Sie schlug ihm mit der Faust auf den Arm. »Ihr macht Rosie Angst«, schrie sie ihn zornig an, als sie am Fenster das kleine weiße Gesicht ihrer Tochter erkannte. »Ich hab sie und Ben ins Haus bringen müssen, weil's hier draußen zu gefährlich geworden war.«
Erschrocken richtete er den Blick auf das Fenster. »Mensch, Mel! Ich dachte, die Kinder wären bei uns. Mum hat gesagt, dass Bryan nach ihnen schaut. Wieso hast du sie zu so was mitgeschleppt?«
Sie zog unglücklich die Schultern hoch und ließ sie wieder herabfallen. »Alle sind mit ihren Kindern gekommen. Wir wollten doch die Gemeinde in Verlegenheit bringen. Aber dann sind die anderen alle abgehauen... und Mum ist spurlos verschwunden. Ich hab sie überall gesucht.«
»Du bist echt eine so blöde Kuh«, sagte er vernichtend, während er die Menschenmasse musterte, die beide Enden der Straße verstopfte. »Durch dieses Gewühl kriegst du sie doch nie durch. Das sind doch lauter Arschlöcher. Da braucht nur eine von euch zu stolpern, und ihr werdet alle totgetrampelt.«
Ihr kamen die Tränen. »Ich hab doch keine Ahnung gehabt, dass es so wird. Es sollte ein Protestmarsch sein.«
»Du hast das Ganze ins Rollen gebracht«, entgegnete er. »Raus mit den Kinderschändern, hast du gesagt.«
»Aber doch nicht so«, protestierte sie. »Es ist alles total aus dem Ruder gelaufen.« Sie umklammerte seinen Arm. »Was soll ich jetzt tun, Col? Ich bring mich um, wenn meinen Kindern was passiert.«
Die Angst in ihrem Gesicht ernüchterte ihn. »Sieh zu, dass du Jimmy findest«, riet er. »Der ist groß und stark. Der wird's schon schaffen, euch hier rauszubringen, ohne dass euch was passiert.«
Im Haus Humbert Street 23
Sophie stand regungslos in ihrer Ecke und lauschte. Es waren keine Geräusche splitternden Glases mehr zu hören, und sie vermutete, dass das Klirren zuvor nur den Einbruch der Reste des Wohnzimmerfensters begleitet hatte. Mit einem schnellen Blick auf ihre Uhr stellte sie fest, dass gut dreißig Minuten vergangen waren, seit der Stein sie getroffen und zehn seit sie Jenny angerufen hatte, aber bisher war nichts weiter zu hören, als das unablässige gedämpfte Grollen der Menge draußen auf der Straße.

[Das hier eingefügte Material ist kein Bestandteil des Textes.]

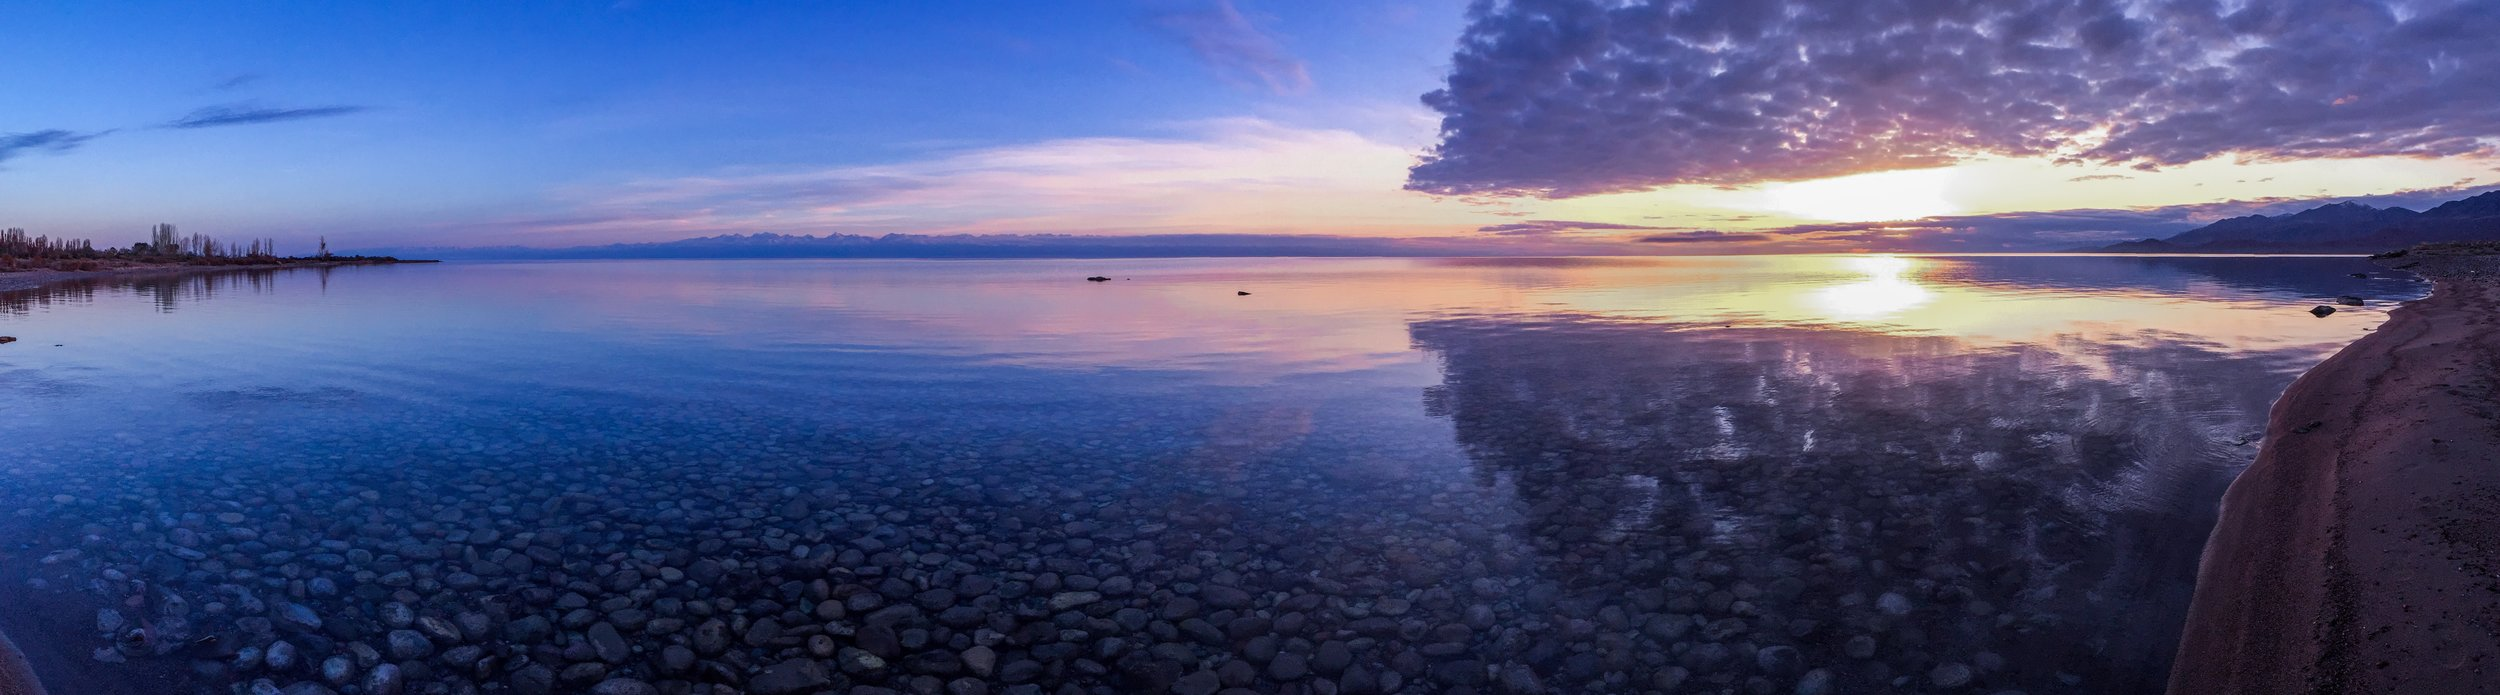 Sunrise over Issykul Lake, Kyrgyzstan

Keine Polizeisirenen. Keine barschen Stimmen, die über Lautsprecher Befehle brüllten. Keine Angstschreie. Kein Füßetrampeln flüchtender Randalierer.

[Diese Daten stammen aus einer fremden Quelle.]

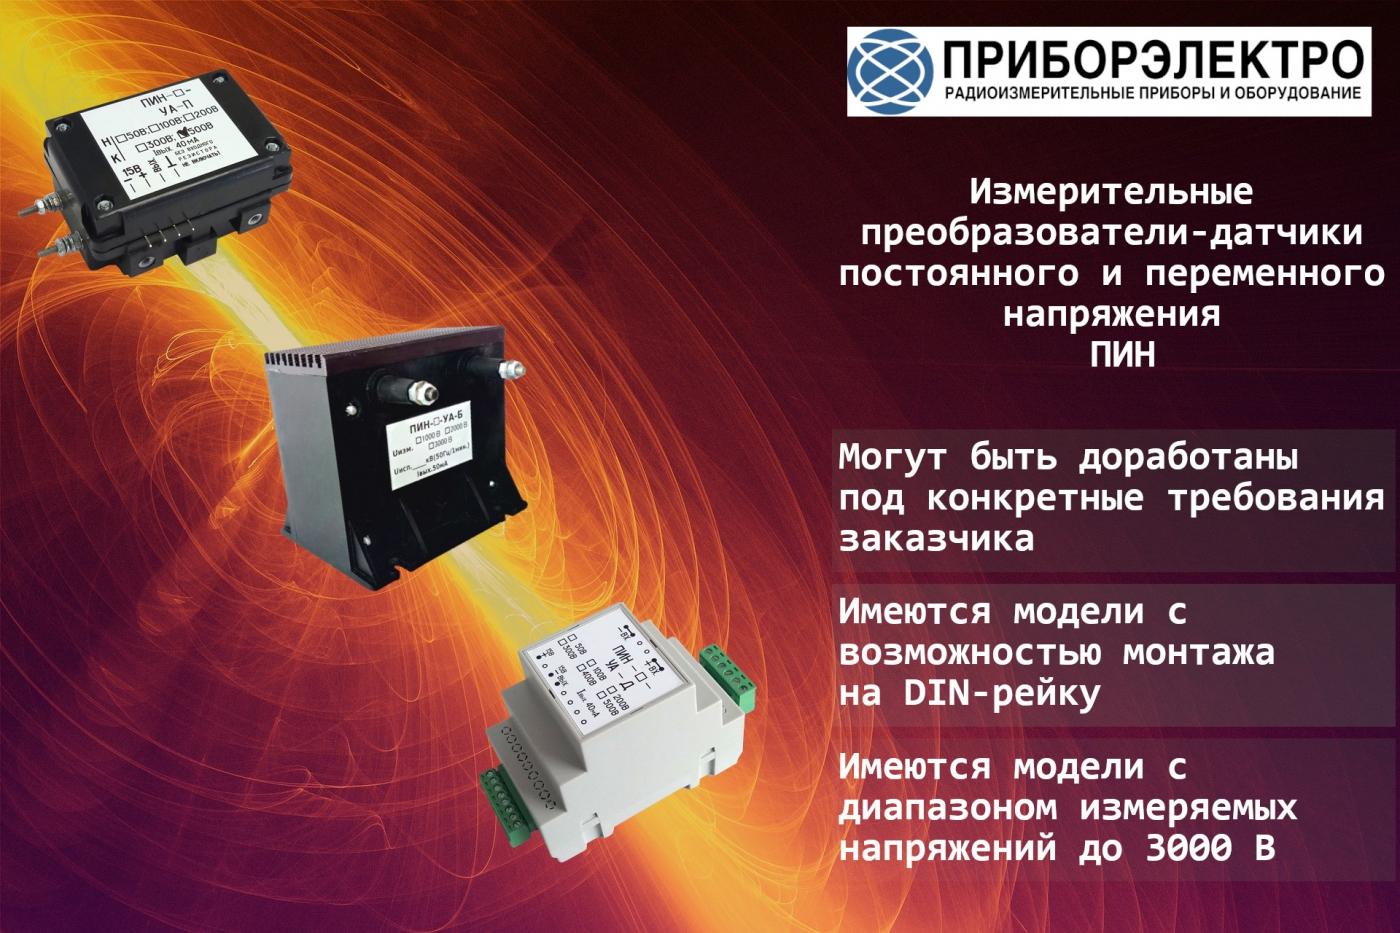 Датчики постоянного и переменного напряжения серии ПИН

Ihr Hirn war ausgepowert von den endlos kreisenden Gedanken, und sie beobachtete die Männer unter gesenkten Lidern hervor. Nicholas starrte auf seine Uhr, als wunderte auch er sich, wo die Polizei blieb, Franek jedoch hatte nur Augen für sie. Was wollte er von ihr?
Sie sorgen dafür, dass uns nichts passiert, bis die Polizei kommt...
War sie eine Geisel? War sie ein Opfer? War sie beides? Kümmerte es Franek auch nur im Geringsten, wie es ihr ging, solange ihre Anwesenheit ihn vor der wütenden Menge schützte?